La pentola bolle, la zuppa nella pentola anche. Il kamut negli aggeggini nuota con circonvoluzioni acide nel mio stomaco. A destra, fuori dalla portafinestra, la stazione metereologica bianca appesa sul balcone gira veloce, il vento gioca come con una giostra. Mi ricorda film americani entrati nell’immaginario della mia formazione occidentale, con le distese di niente e una porta che sbatte, e un esperimento atomico colato nel deserto e i cactus che sospirano a ogni radiazione che ricevono sulla testa.
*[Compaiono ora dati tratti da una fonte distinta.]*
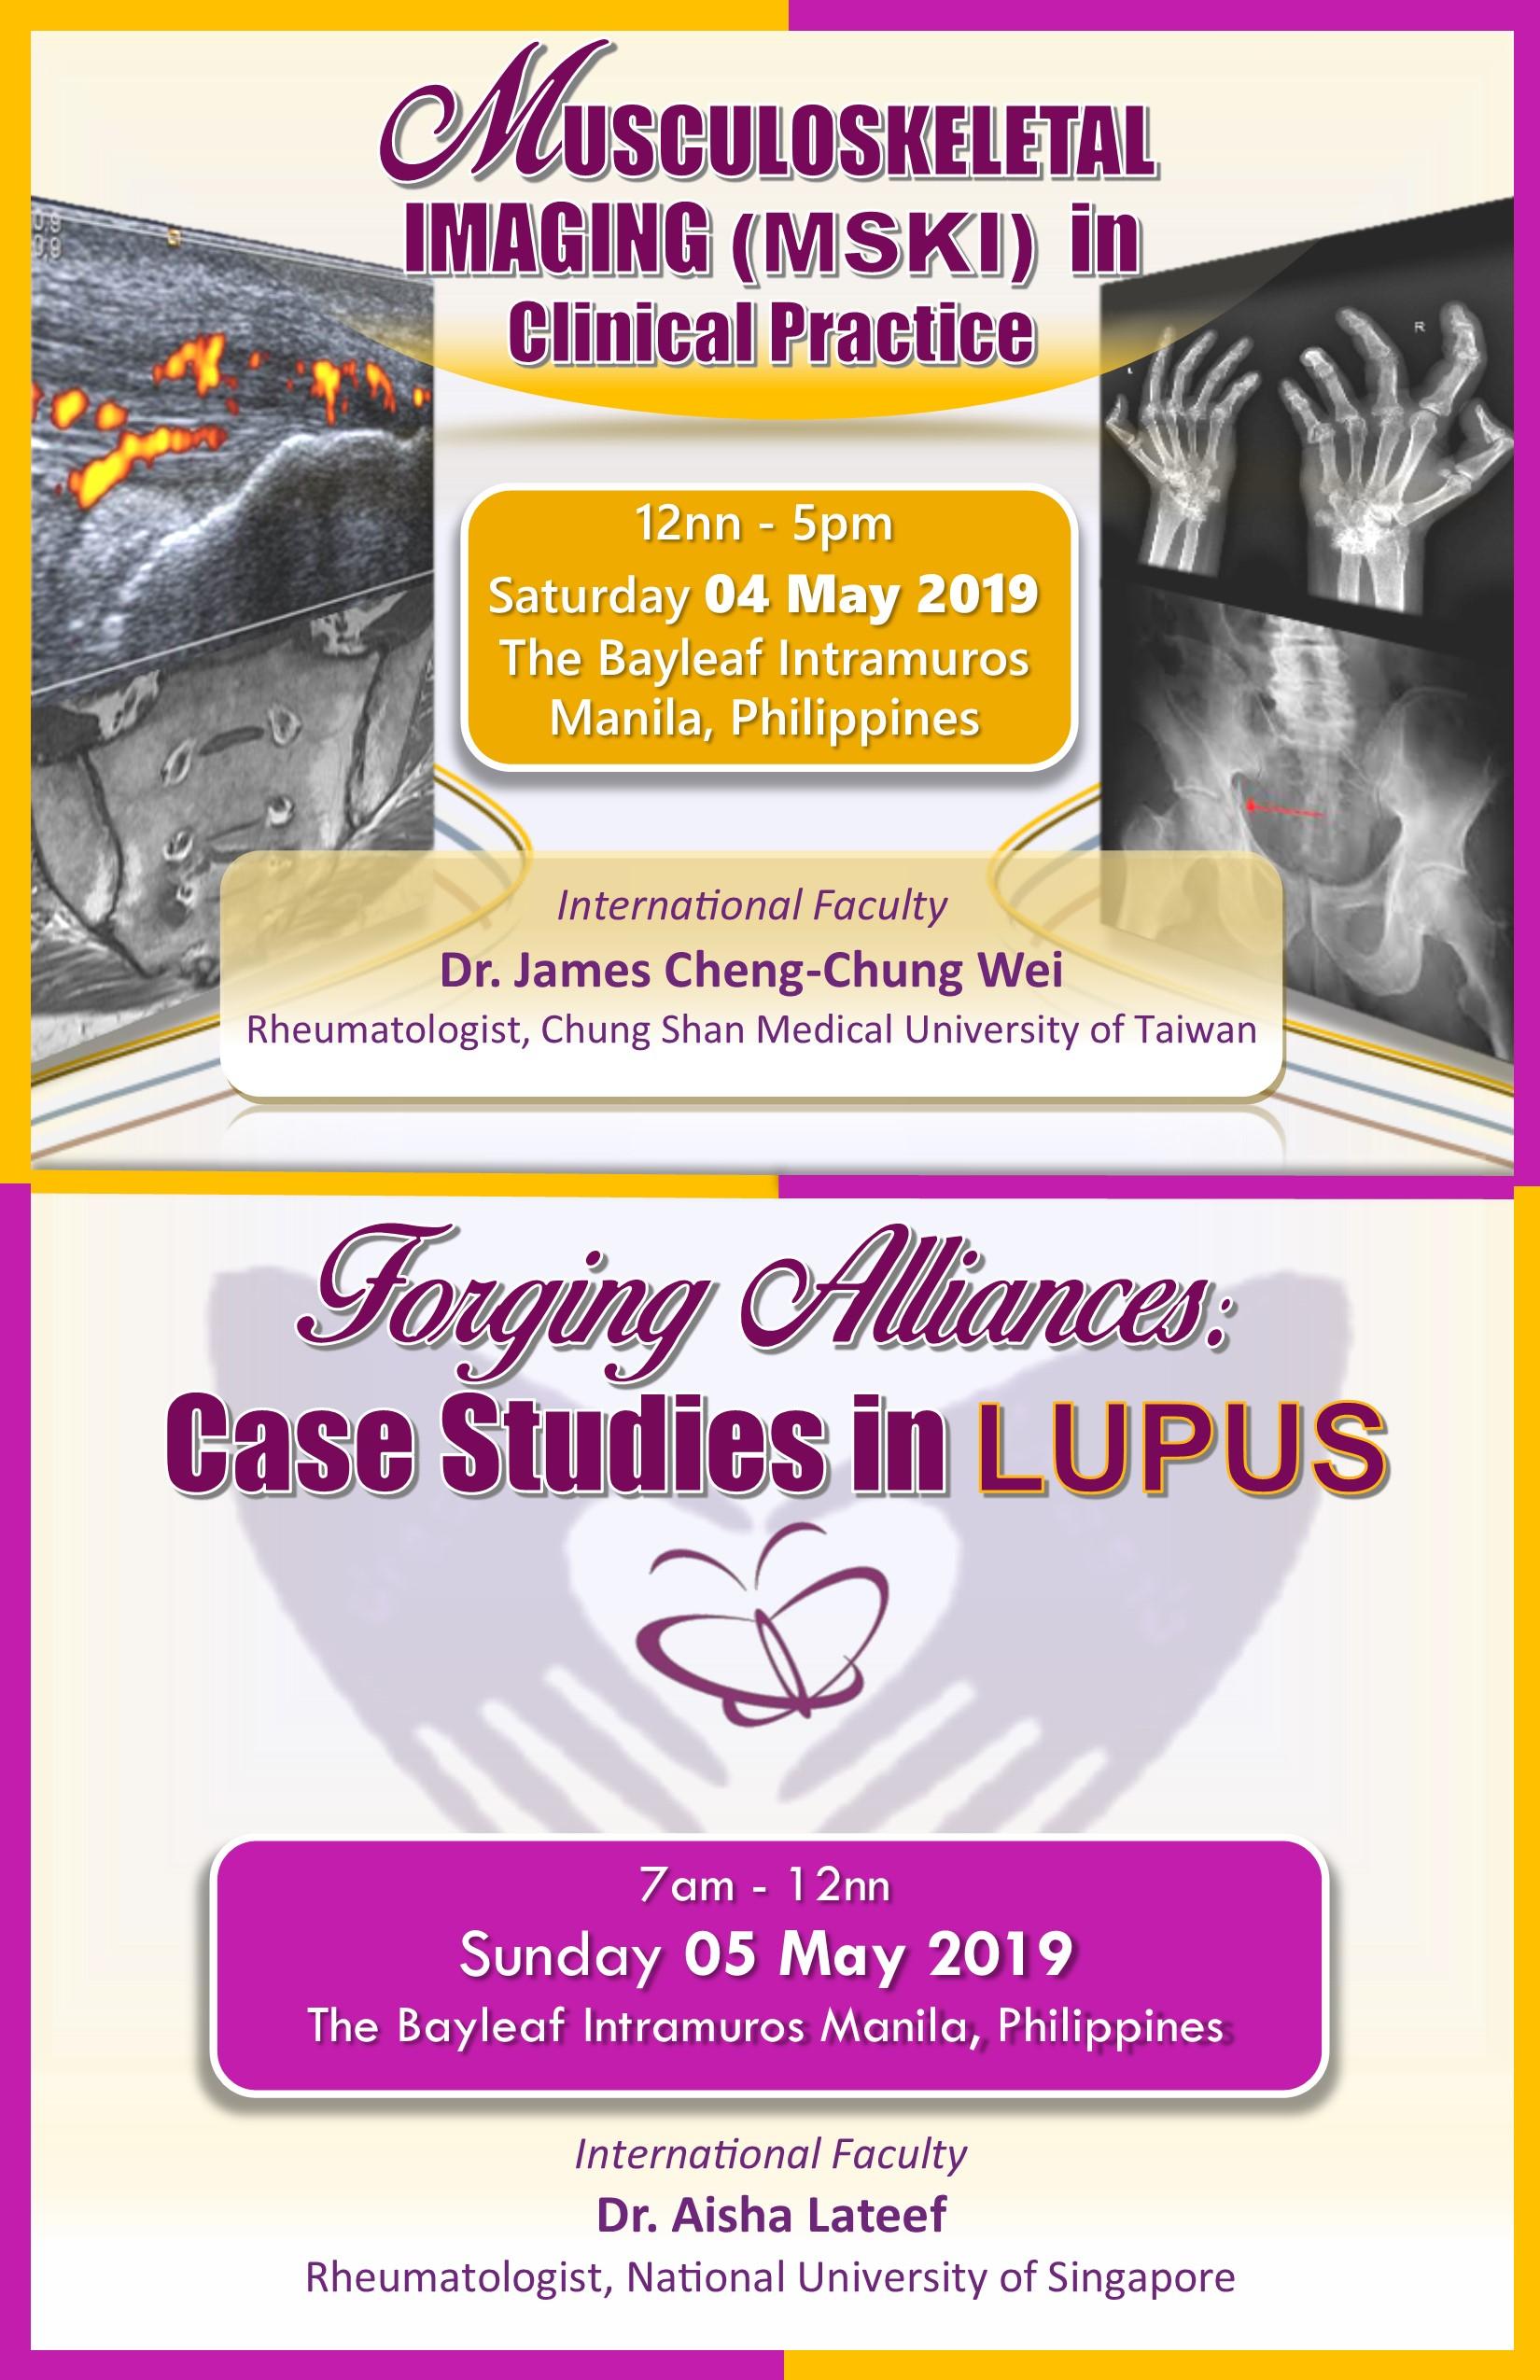 MSKI in Clinical Practice / Forging Alliances in LUPUS 2019

La pianta che assomiglia a una palma ha sofferto, è sul balcone accanto alla stazione meteo e noto che per lei l’inverno è stato duro: vedo increspatura gialle e secche, disidratate, nel verde pallido; la accarezzerò al sole appena avrò finito con questo pezzo che ha bisogno di sgranarsi dalle dita. E c’è un ulivo, invece, fuori dalla camera da letto: ogni anno credo che morirà, ne celebro triste la perdita e mi sento in colpa, eppure vive. Le prime foglie spuntano a gennaio, timide ma irresistibili, e robuste abbastanza da non andarsene. Dalla base, vengono su dai rametti che avevo sottovalutato e lasciato là, senza potarli: crescono e mi dicono che sono più forti, che la loro energia va oltre la mia incapacità di prendermi cura delle piante che metto in casa. Vive, sguscia dalla terra e scrolla i dolori del gelo, dei mesi grigi che a Milano sono più grigi ancora, e sorride. Un ulivo che a primavera rinasce, a Milano.

Devo andare a controllare la zuppa nella pentola. Sento il suono del telefono cellulare, qualche sms aspetta. Cammino scalza e mi circondo di fiamme viola.

Ritornerò.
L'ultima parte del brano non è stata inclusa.